思わぬ言葉だったのか先生の体がビクッと反応した。


「そんなことって言ったら、ずーっと辛酸を嘗めて生きてきた先生に申し訳ないと思う。でも、あなたは犯罪者の弟だからこれ以上付き合うのはもう嫌だ。さようならって私が言うと思ってた?」


「それは」


上手く言葉に出来ないのか、もどかしそうだ。


「もしちょっとでも先生がそう思ってるんだとしたら、もう一度言うね」


私はすう、と息を吸う。


「先生がいて命が限りあるのと、先生がいなくて限りない命を授かるのとどちらか一方をを選択するなら、迷わず前者を選ぶんだから」


「お前…」


8月の事件の後に私が言ったことを先生は覚えていたようだ。


そして、私も。


「先生はただ黙って私の隣にいてくれればいい。
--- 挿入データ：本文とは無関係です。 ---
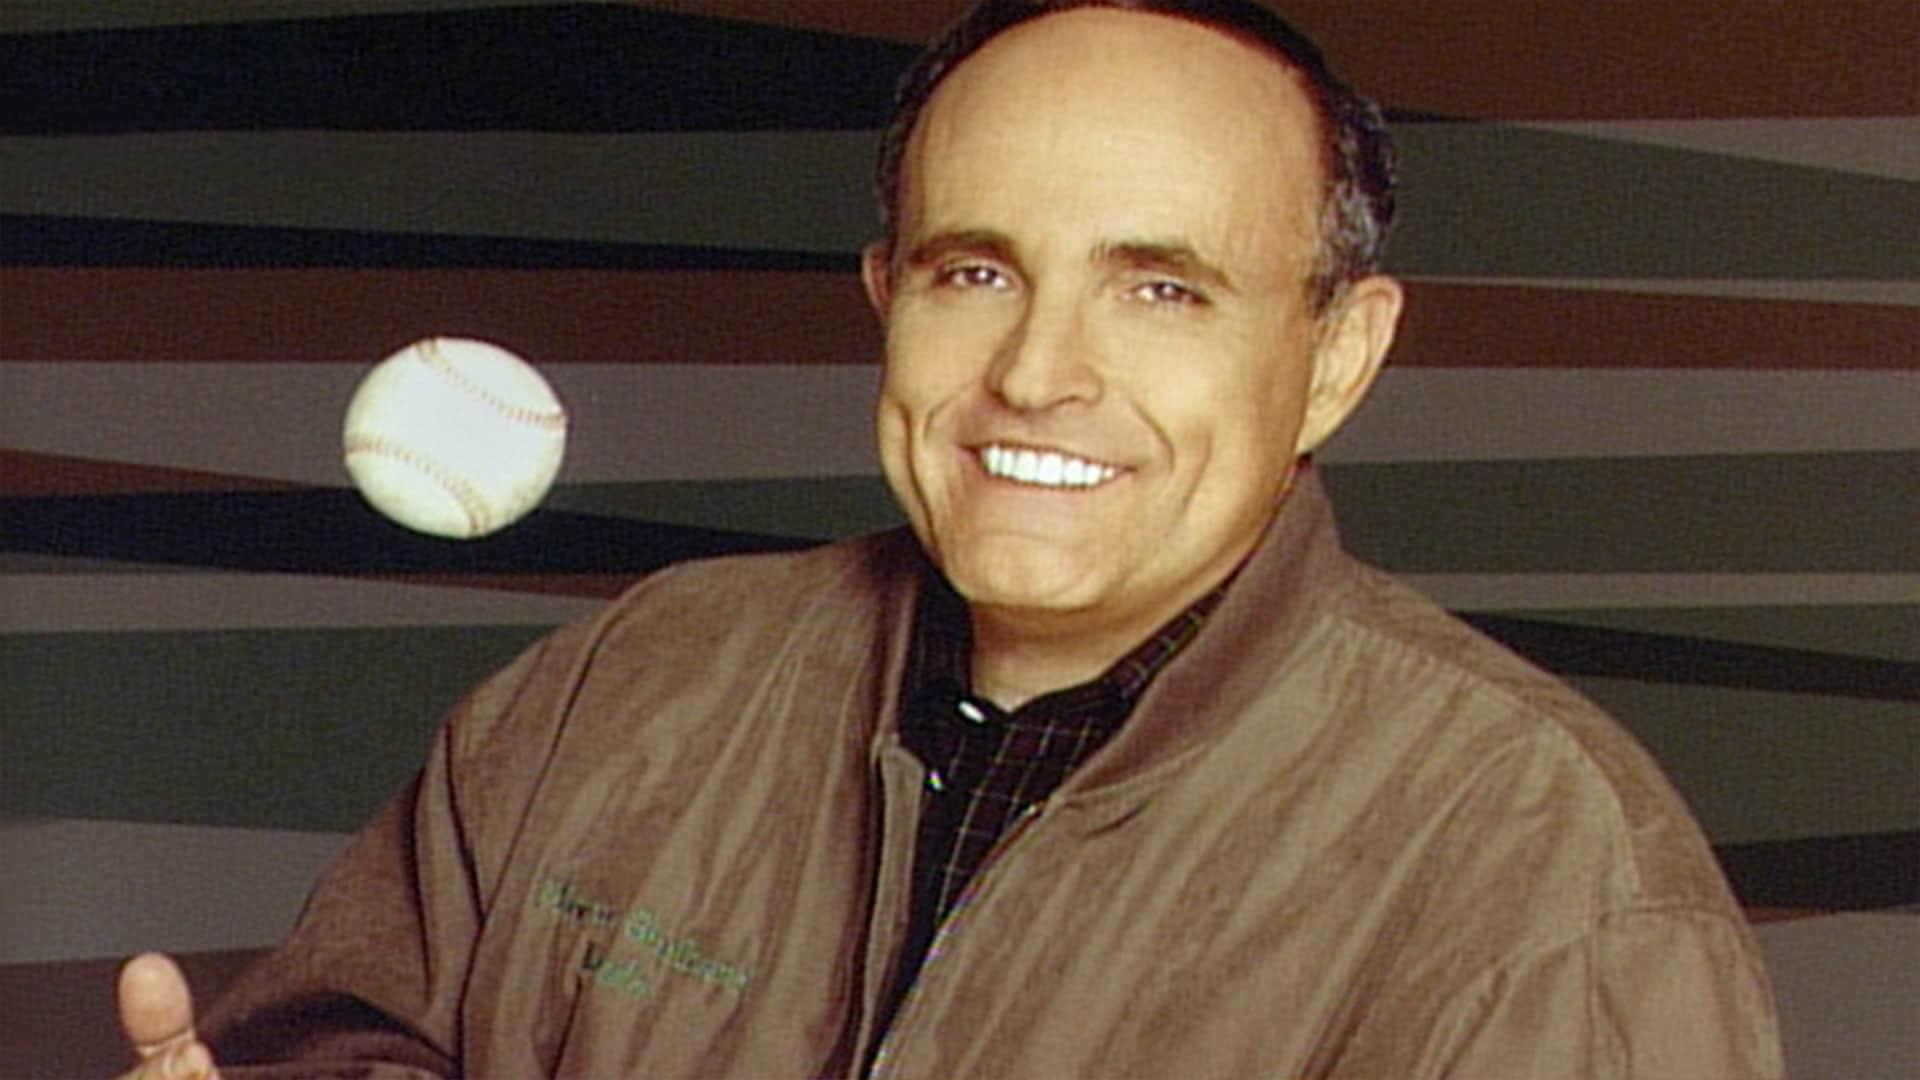 Rudy Giuliani: November 22, 1997

何も考えなくていいから」


少しぶっきらぼうになってしまう。


けど、これが本音だった。


先生と未来が築けるだけでいい。


犯罪者の弟という肩書きがあってもいい。


それを私やまわりの人が少しずつでも理解し、受け入れていくことが出来れば、先生はきっと…。


「流星」


「いや、ほら、それにさ、私は高校時代からずっと先生にベタ惚れだったわけだし?離れたくても離れられないっていうか惚れた女の弱みっていうか、ねえ?」


自分が言ったことに対して恥ずかしくなってごまかしたはずが、さらにとんでもないことを言ってしまう私。


しかし、先生は蕾がほころぶようにふわりと微笑んだ。


「ありがとな。本当に、ありがとう」


私もフッと微笑みを返した。


綺麗事だと笑うなら笑っても構わない。


私は先生を信じてる。


だって先生は、先生でしょ?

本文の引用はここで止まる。